Written by Hannah Smith | Jul 16, 2021 9:15:00 AM

Pupils sitting their GCSE, A-Level and vocational exams next year look likely to get advance notice of the topics and study areas that will be on their paper, as an attempt by the government to ensure that students are not unfairly disadvantaged by the effects of the Covid-19 pandemic.

The UK government has set out a series of proposals for exams taking place in summer term 2022, which includes allowing schools and colleges some choice over the content that their pupils are to be assessed on in subjects like English, history, ancient history and geography. The scheme also includes an initiative to give schools advance information on exam content to help students focus their learning and revision, as well as potentially providing expanded exam aids like formulae sheets in subjects like maths and physics.

The Department for Education (DfE) and Ofqual (the UK exams regulator) have launched a three-week consultation on the proposed exam modifications, asking for views from educators and teaching professionals as well as students and parents. Ofqual are also looking into ways of grading qualifications in 2022 in a way that keeps fairness at the centre of the process, and tries to understand the conditions that students have been working and learning under.  

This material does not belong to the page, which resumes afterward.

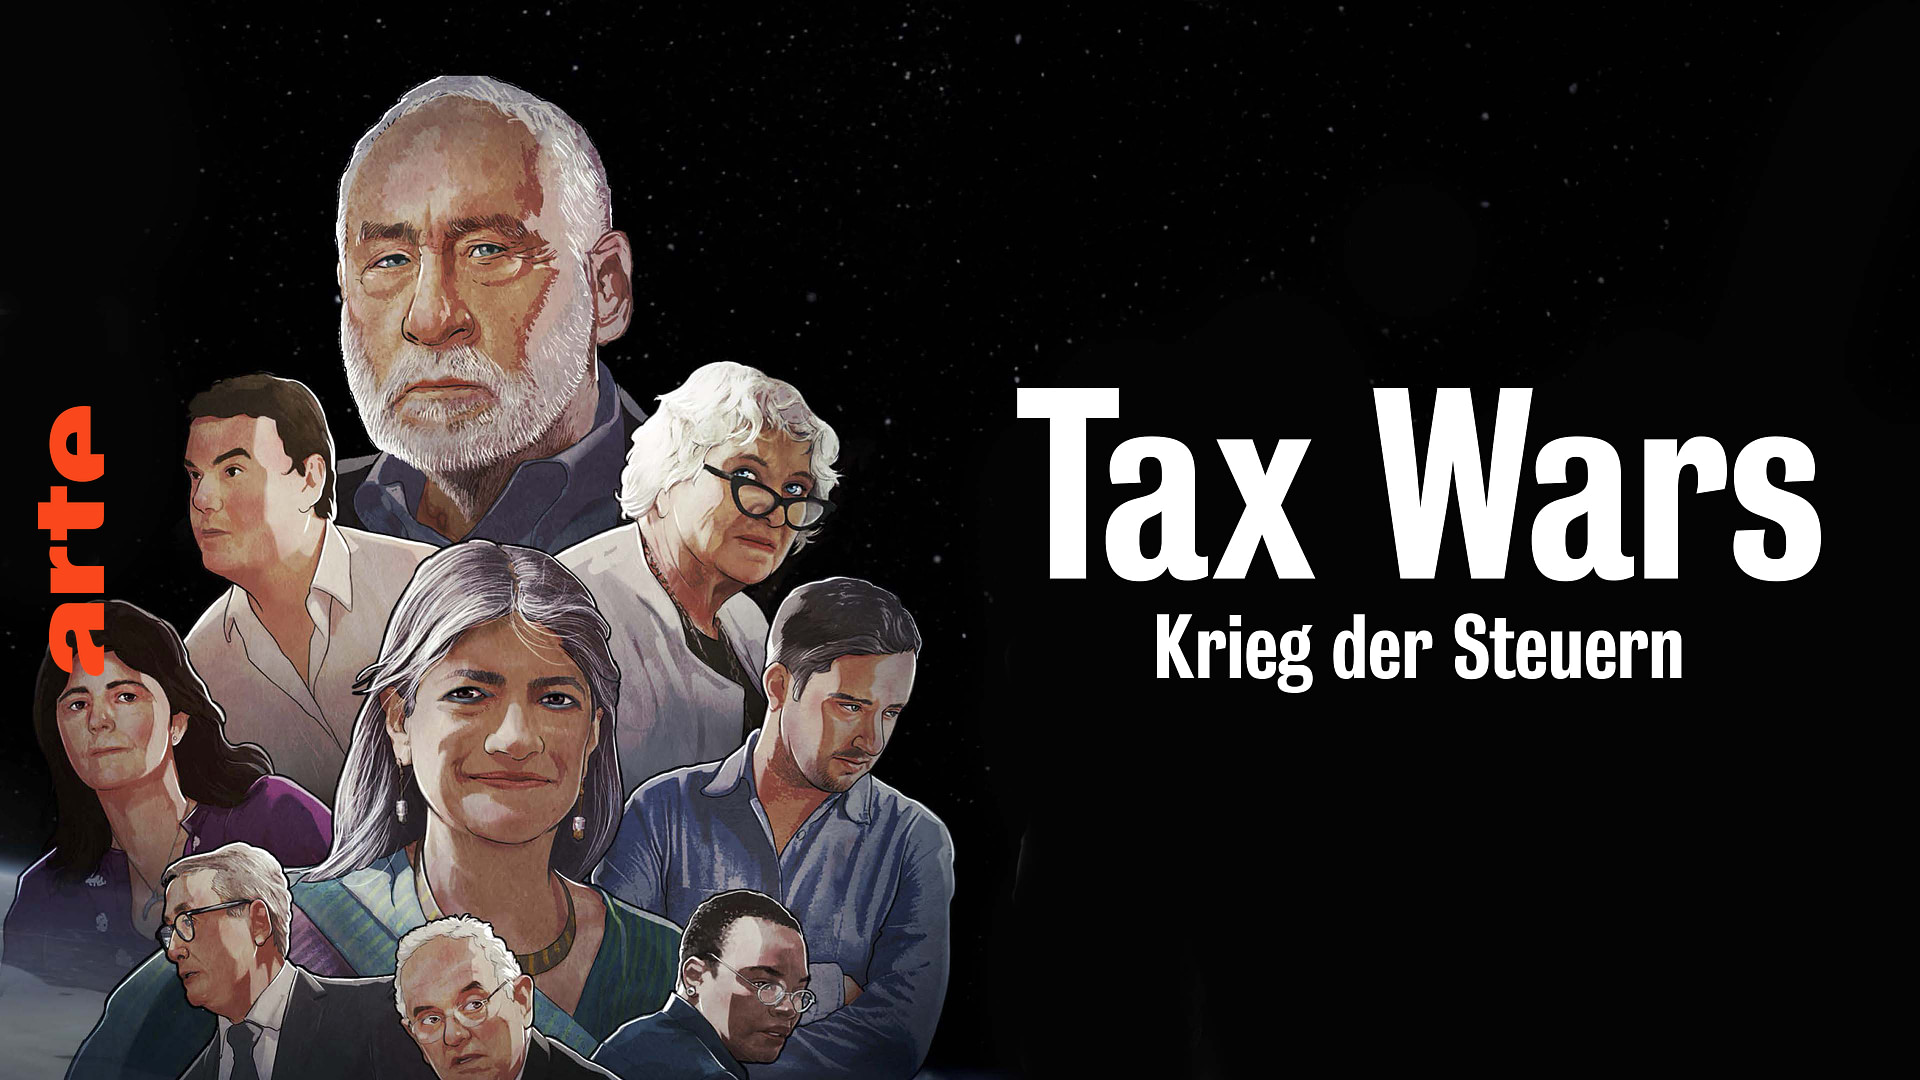 Tax Wars - Krieg der Steuern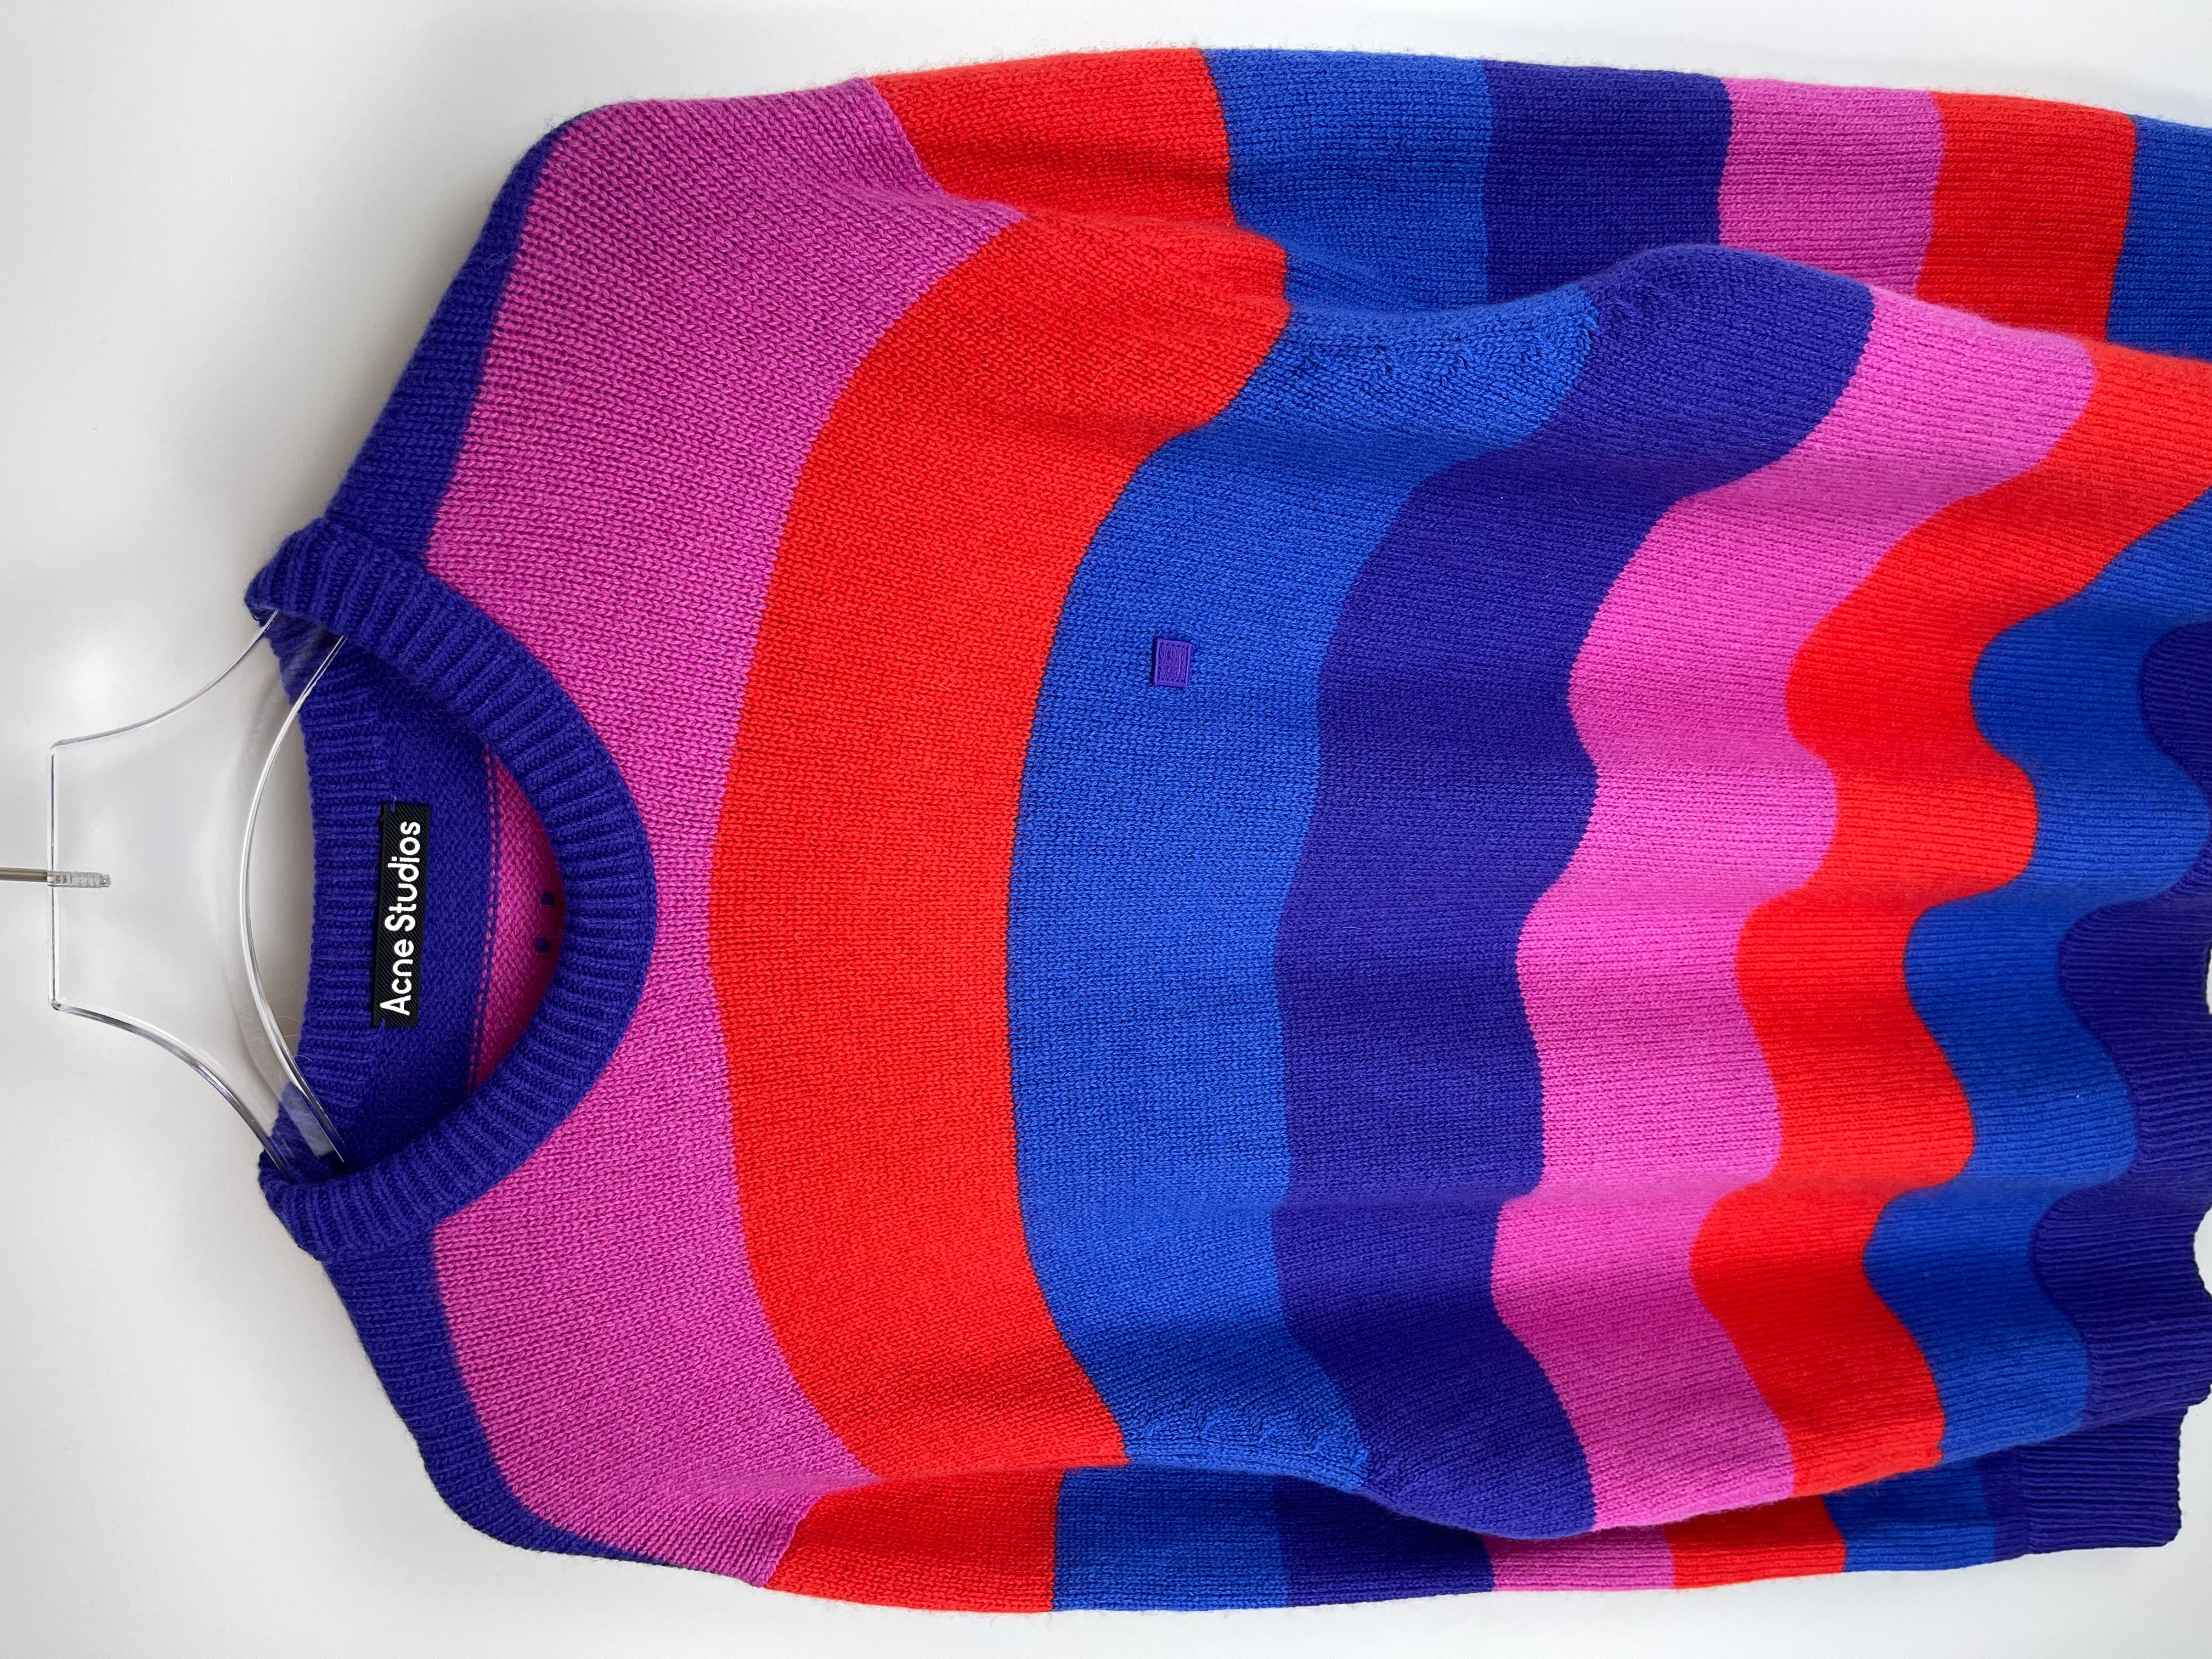 Acne Studios Multicolor Striped Sweater For Sale 1

The proposed changes have been a move largely welcomed on social media by young people all over the country, with many students citing that although it doesn’t make up for the ways in which their education has been interrupted by the effects of remote learning since the global pandemic, it’s a step in the right direction. Speaking on Tuesday, the Education Secretary Gavin Williamson said that “Exams will always be the fairest way to assess students, which is why they will take place next year, but it’s right that next summer’s arrangements take into account the disruption young people have faced over the last 18 months.”

Although it’s been a move that’s received positive feedback from the online student community, some education professionals are worried about the short notice with which they’re foreseeing having to implement these changes. Nick Brook, the deputy general secretary of the National Association of Head Teachers commented to the BBC that “In reality, all of this should have been put to bed weeks, if not months, ago – we are only days away from the end of term. School leaders wanted decisions for adaptations and contingencies made before the summer break, with details before the start of term in September, not least because August will be a busy month supporting students with their results and working on reviews and appeals.”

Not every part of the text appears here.